По обе стороны (очерки) (Бальзамо) - страница 70

Зато в Гарциемсе все осталось по-прежнему, над этим местом время было не властно. Правда, кое-где вместо скромных дач советских номенклатурщиков появились роскошные виллы местных и приезжих нуворишей, но их было не так уж много. Неказистая палатка теперь могла похвастать набором товаров, по обилию не уступающим средних размеров супермаркету любого европейского населенного пункта, но все остальное – сосны, песчаный пляж, деревянный настил, ведущий к морю, – было как прежде. И словно по мановению волшебной палочки вернулось давно исчезнувшее ощущение заколдованного царства, покоя, дремы, того самого штиля последних советских лет, который предшествовал моему отъезду.

Сказать по правде, все было не так просто. В тот далекий год на даче мы с Ириной оказались не одни. Когда мы вошли в калитку, навстречу нам вышла из дома молодая женщина. «Моя сестра Тамара», – пояснила Ирина. Я бы и сама догадалась, столь велико было сходство. Тем не менее мое удивление было велико: до этого дня я даже не подозревала о существовании сестры.

Тогда я впервые почувствовала, что прикасаюсь к какой-то давней болезненной семейной травме. Расспрашивать подругу мне было неловко, поэтому об обстоятельствах семейной истории я узнала лишь годы спустя. Корни ее уходили в далекое прошлое, в послевоенные годы, когда в конце 40-х развернули охоту на ведьм – под названием «борьба с космополитизмом и низкопоклонничеством перед Западом». Речь шла о крупномасштабной чистке в академической среде, окончательно уничтожившей остатки свободной мысли. Особенно от нее пострадали науки гуманитарные.
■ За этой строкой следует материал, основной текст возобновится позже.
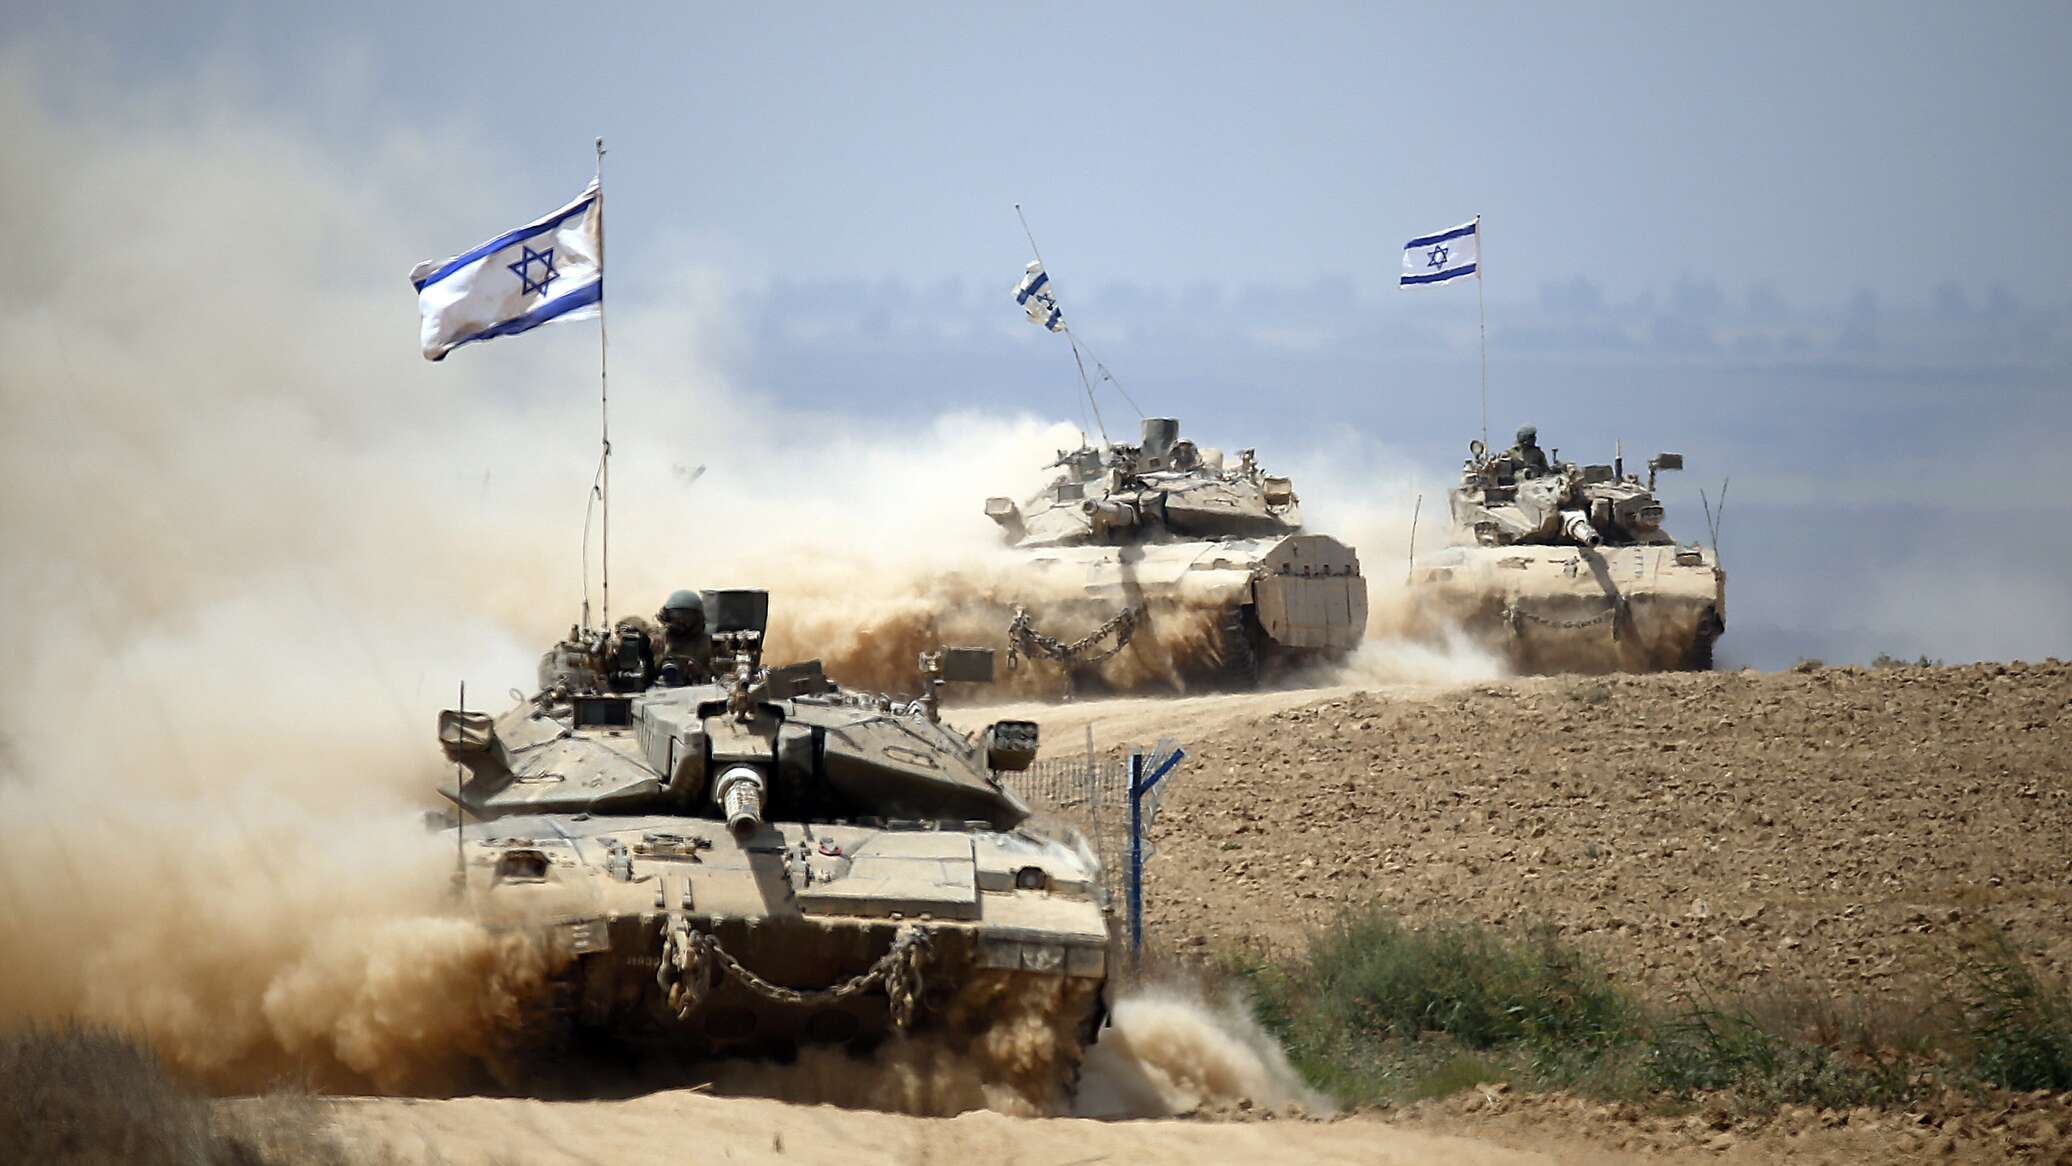 الجيش الإسرائيلي يعلن مهاجمته لأهداف عسكرية لـ"حزب الله" والأخير يطلق صاروخا مضادا للدبابات

Проработки проходили в соответствии с давно обкатанным сценарием, испытанным на прочность еще в процессах 30-х годов, с той лишь разницей, что до физического уничтожения ошельмованных дело доходило реже. Обычным результатом были увольнения, психические травмы, социальное отщепенство. «Чистили» научно-исследовательские институты, университеты, академию наук. Собрания сменяли друг друга, обвинения оставались неизменными: идеологические отклонения, погрешности преподавания, ошибки в методике исследований. Обвиняемые каялись, обещали исправиться. Некоторые пытались оправдаться, но, как правило, безуспешно; исход был неизменный: погубленные карьеры, искалеченные судьбы. Инициатива, как известно, шла сверху, от партийных органов; исполнителями были коллеги и ученики обвиняемых, студенты и аспиранты. Методы воздействия тоже не отличались оригинальностью: кнут и пряник, угроза отчисления и обещание места в аспирантуре, угроза зарезать публикацию статьи и обещание поездки на конференцию – что перетянет? Перетягивало чаще всего одно и то же: страх. «Есть многие научные репутации в Москве и в Ленинграде, вот так же построенные на крови и костях. Неблагодарность учеников, пересекшая пегою полосою нашу науку и технику в 30-е – 40-е годы» – это замечание Солженицына справедливо и в отношении 50-х годов.